Some hidden dangers of Dedecms and how to prevent risks

The actual code is longer than the one intercepted above, but it is a duplication of this code. As for the log.php code, it is similar to this one, with only one sentence, simple and clear. If you have a little knowledge of network security, you will know that it is a PHP trojan. You can use some specified tools to execute this code. It is expected to be a password cracking function.

Now that we know what kind of vulnerability the other party uses and what principle the other party uses to exploit the vulnerability, how can we prevent these dangerous things from happening? After consulting a large amount of information, I preliminarily sorted out the following steps to prevent vulnerability from being exploited, hoping to help webmaster friends who also apply to dedecms.

1、 Patch the upgraded version and set directory permissions

This is the official solution to this problem. No matter what version of dedecms you use, you should upgrade the version in the background in time to automatically update the patch. This is the most important step to avoid the vulnerability being exploited; At the same time, the official also provides the method of setting the directory, mainly setting data, templets, uploads, and a as read-write and non executable permissions; Include, member, plus, background management directory, etc. are set to executable, readable and non writable permissions; Delete the install and special directories. See the official instructions for specific settings.
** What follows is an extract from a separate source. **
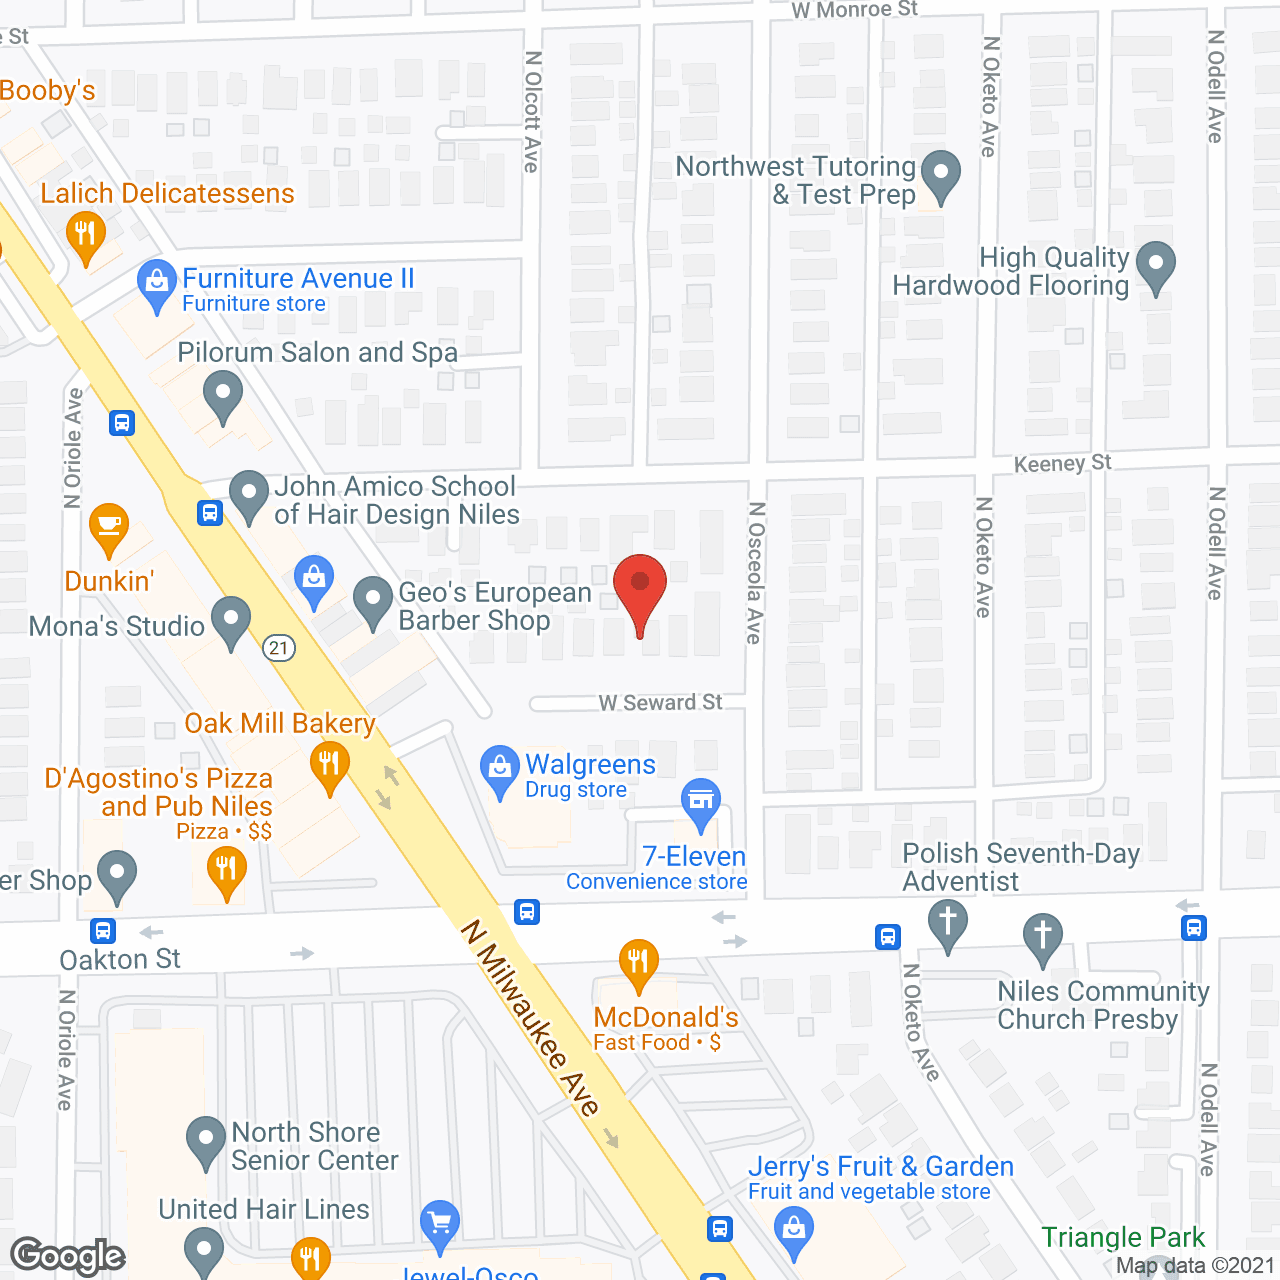 Private Home Care - Niles, IL in google map

2、 Modify admin account and password

Hackers may use the default admin account and then speculate about the password to crack it, so it is very important to modify the default admin account. As for how to modify it, there are many methods. It is more effective to log in to the website database with phpadmin, find the dede_admin database table (dede is the prefix of the database table), and modify the userid and pwd, The password must be changed to f297a57a5a743894a0e4, which is the default password admin; After modification, go to the background to log in, and change the password after logging in to the background.

3、 Other noteworthy points

As for more details, we should also pay attention not to choose too cheap space as far as possible. Too cheap space is prone to security problems of the server itself. As long as the server has problems, the entire website under the server will be hopeless. Also, if it is unnecessary, try not to open membership registration, which is troublesome to use; As for the background directory of the website, do not write it in robots. txt. At the same time, change it at least once a month. The administrator password and other passwords should also be changed to avoid being speculated to be the same as other account passwords.

After several instances of websites being attacked, we have to say that the Internet is not a network that can sleep in peace. As a webmaster, a web weaver, we should pay more attention to network security; As long as these preventive measures are taken as required, not to mention 100%, at least 95% of them may not be able to successfully obtain background permissions.